In the long run–if there is one–he’s right, but while these “games” will begin being played within his timeframe, I don’t really feel most of them will play out by then. For instance: Bess wonders what lifespans of 160 years or more will mean for marriage and family. That’s not likely to be a concern this century, and if life is eventually radically extended, family will have changed greatly numerous times by then.

But I do think he identifies many of the right questions in a History News Network article he adapted from his book. The opening:

Over the coming decades – probably a lot sooner than most people realize –the next great wave of technological change will wash over our lives. Its impact will be similar in sweep and rapidity to the advent of computers, cell phones, and the web; but this time around, it is not our gadgets that will be transformed – it is we ourselves, our bodies, our minds. This will be a shift that cuts even more deeply than the great industrial revolutions of the past. It will not only alter how we make a living, communicate, and interact with each other, but will offer direct and precise control over our own physical and mental states.

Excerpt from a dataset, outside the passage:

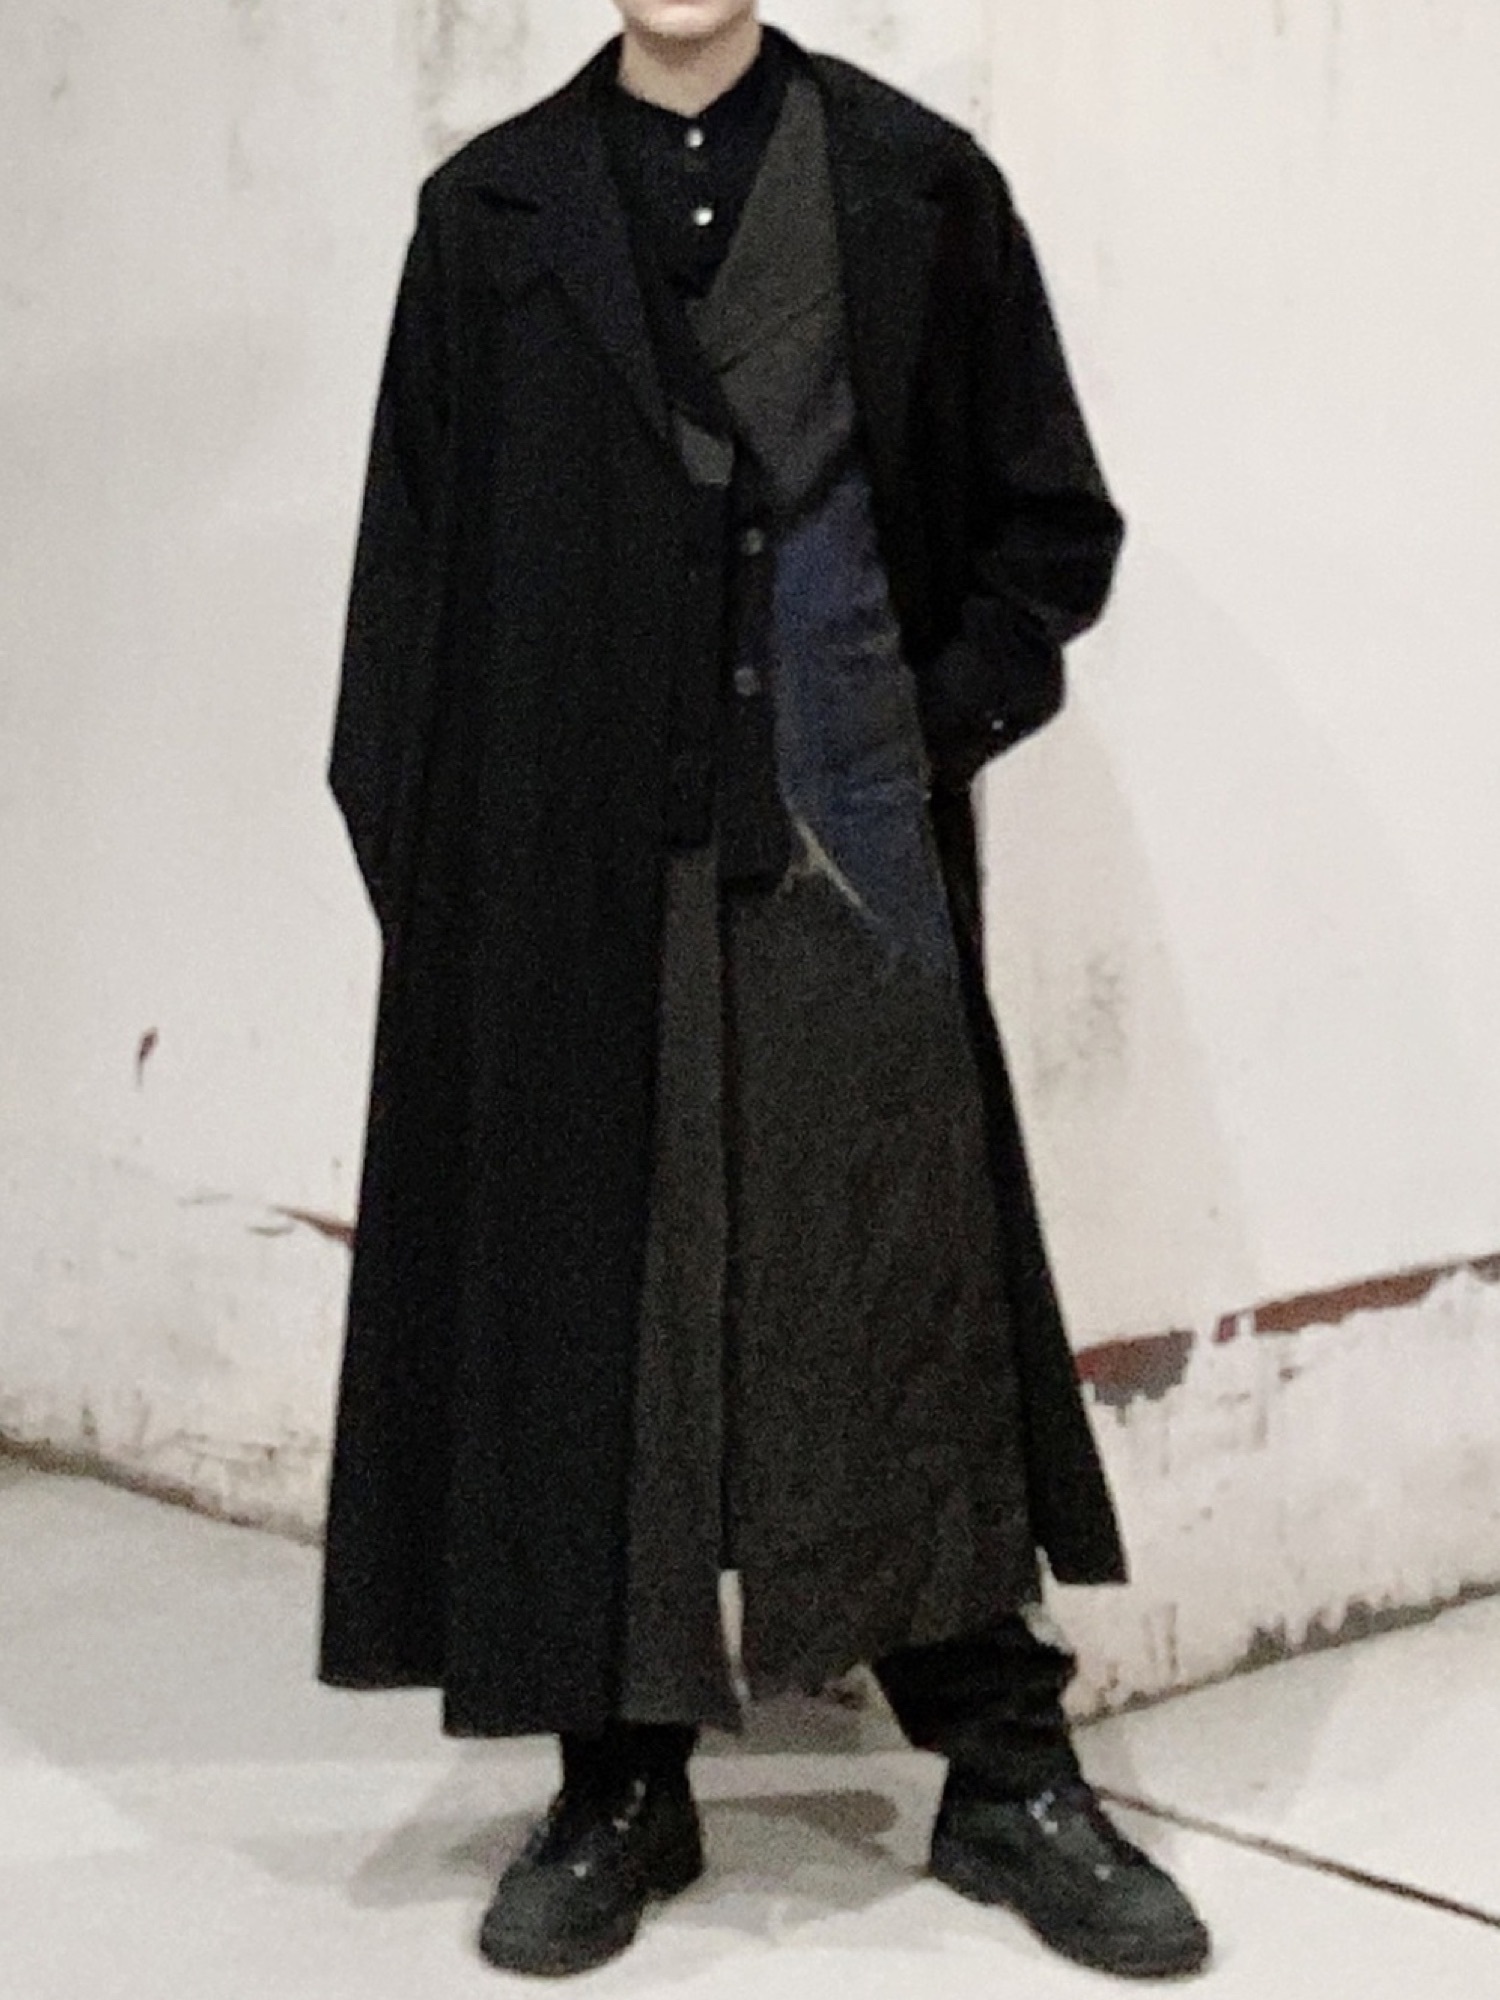 Yohji Yamamoto POUR HOMMEのステンカラーコートを使った人気

Through the use of pharmaceuticals, we are learning how to modulate our moods, boost our physical and mental performance, increase our longevity and vitality. Through the application of prostheses, implants, and other bioelectronic devices, we are not only healing the blind and the paralyzed, but beginning to reconfigure our bodies, enhance our memories, and generate entirely new ways of interacting with machines. Through genetic interventions, we are not only neutralizing certain diseases long thought incurable, but opening up the very real possibility of taking evolution into our own hands – redesigning the human “platform” of body and mind in a thoroughgoing way.

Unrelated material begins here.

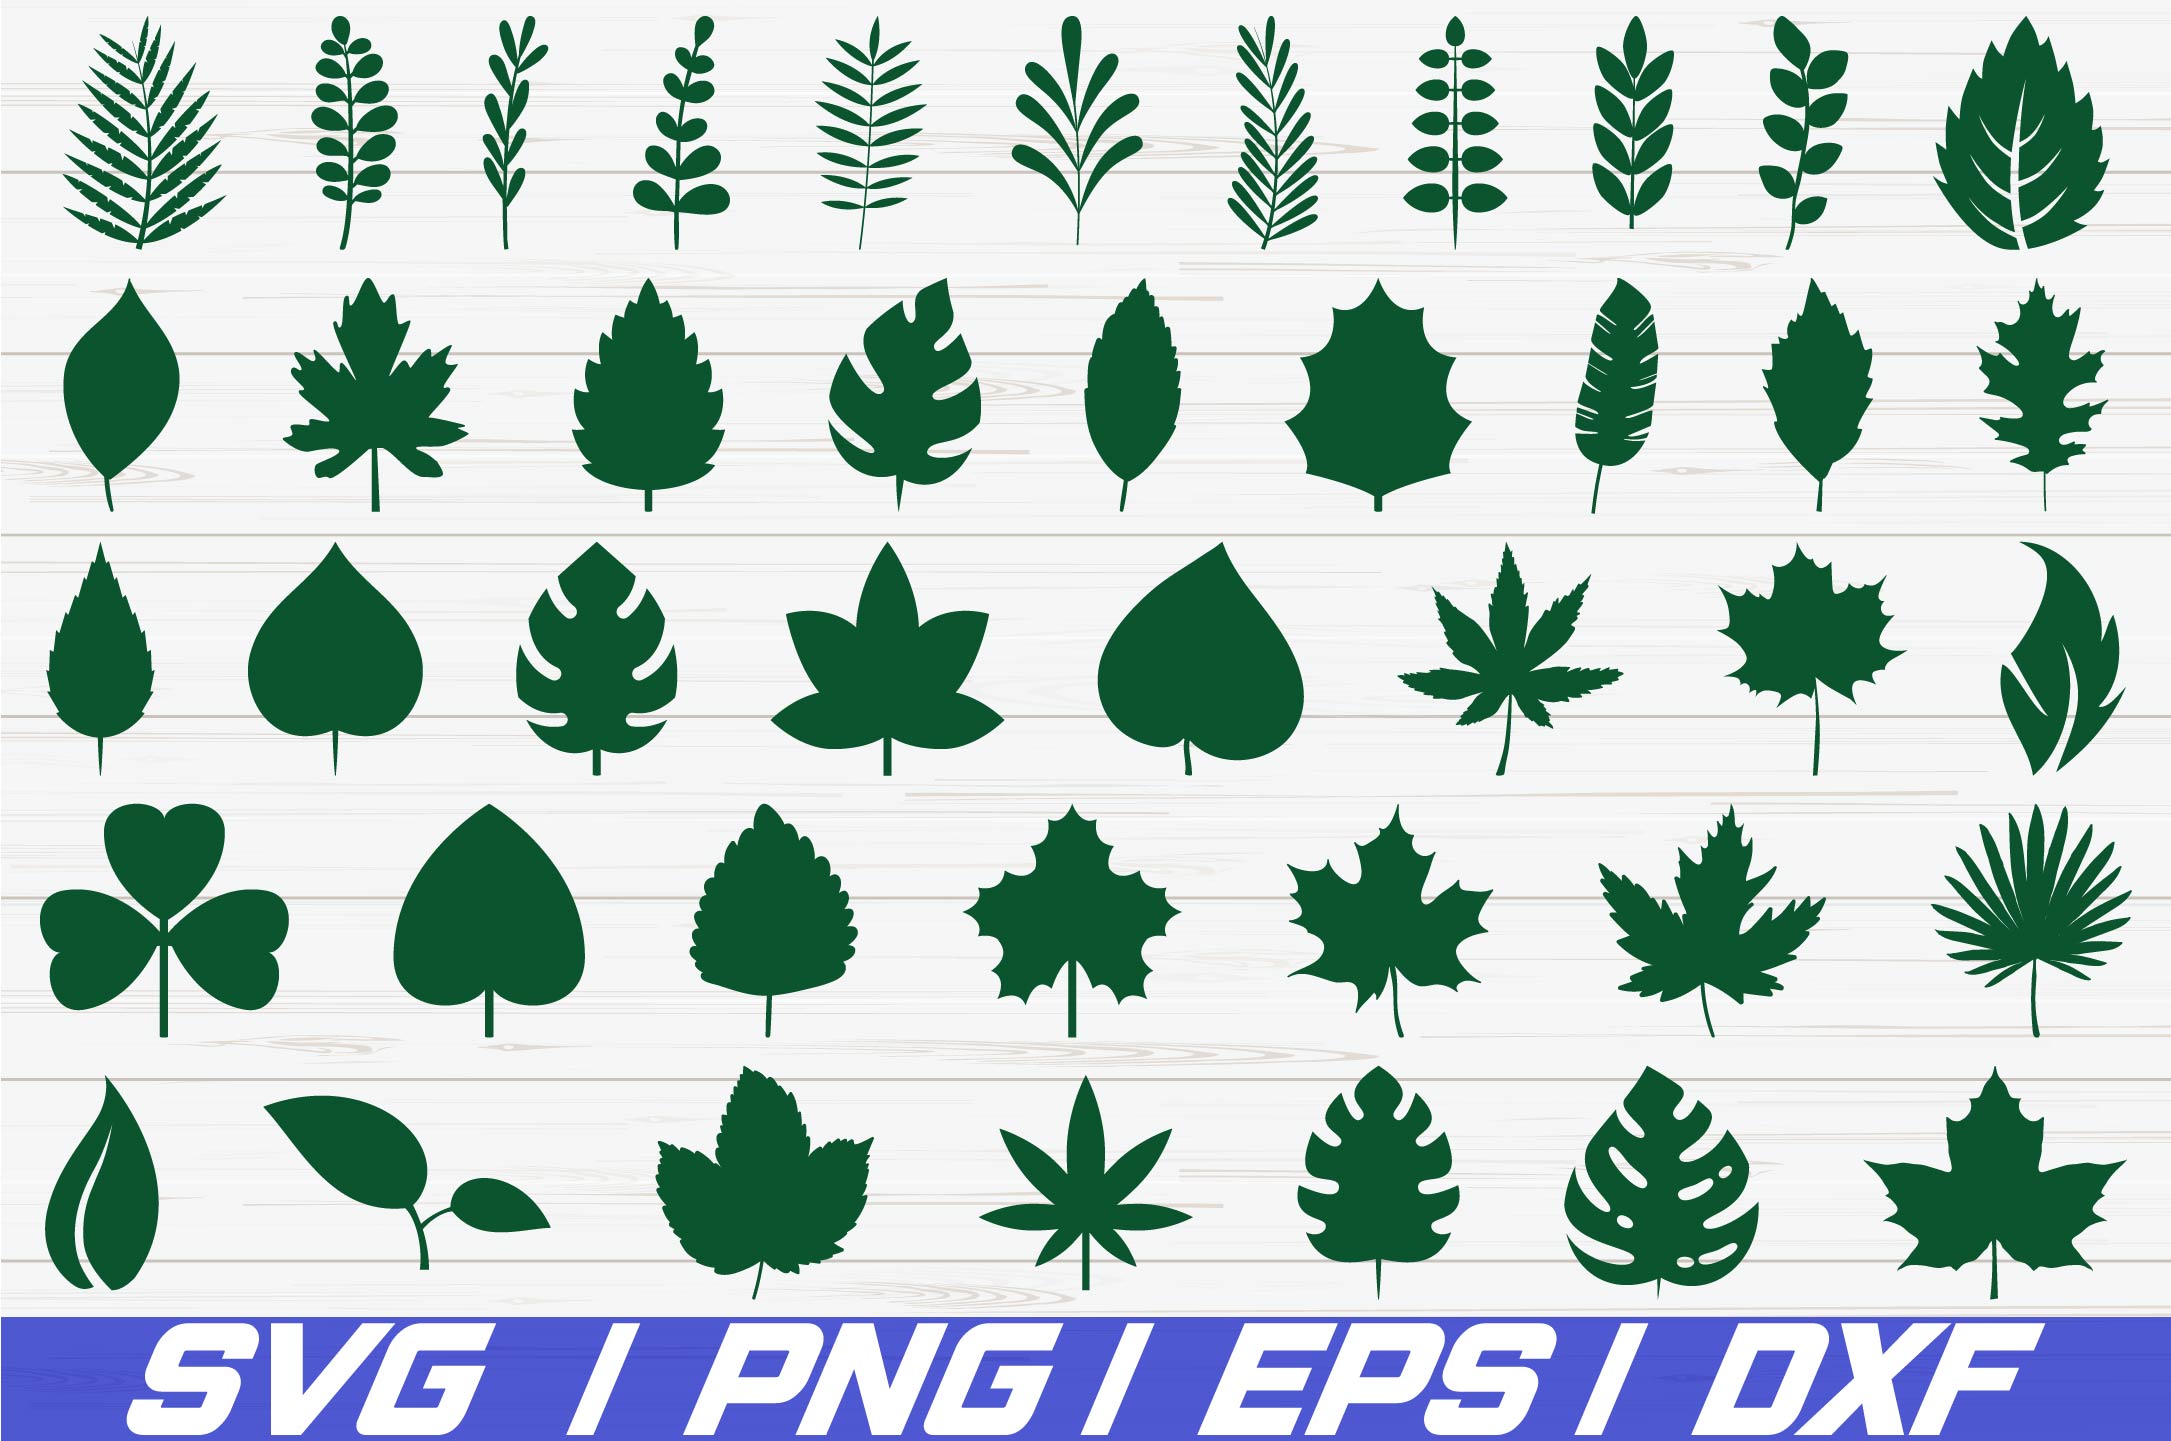 42 Paper Leaves / SVG / Cut File / Leaf Templates / Cricut

If you talk to the authors of this revolution – the scientists, doctors, and engineers who labor tirelessly at the vanguard of biotechnology – most of them will deny that this is what they have in mind. They are not seeking to bring about the transmogrification of the human species, they insist: they are simply doing their best to heal the sick, to repair the injured. But once you stand back and look at the big picture, sizing up the cumulative impact of all their brilliant efforts, a different conclusion emerges. Whether they intend it or not, they are giving our species the instruments with which to radically redesign itself. Those instruments are already becoming available in crude form today, and they will fully come into their own over the next few decades. By the time our grandchildren have grown to adulthood, this wave of change will have passed through our civilization.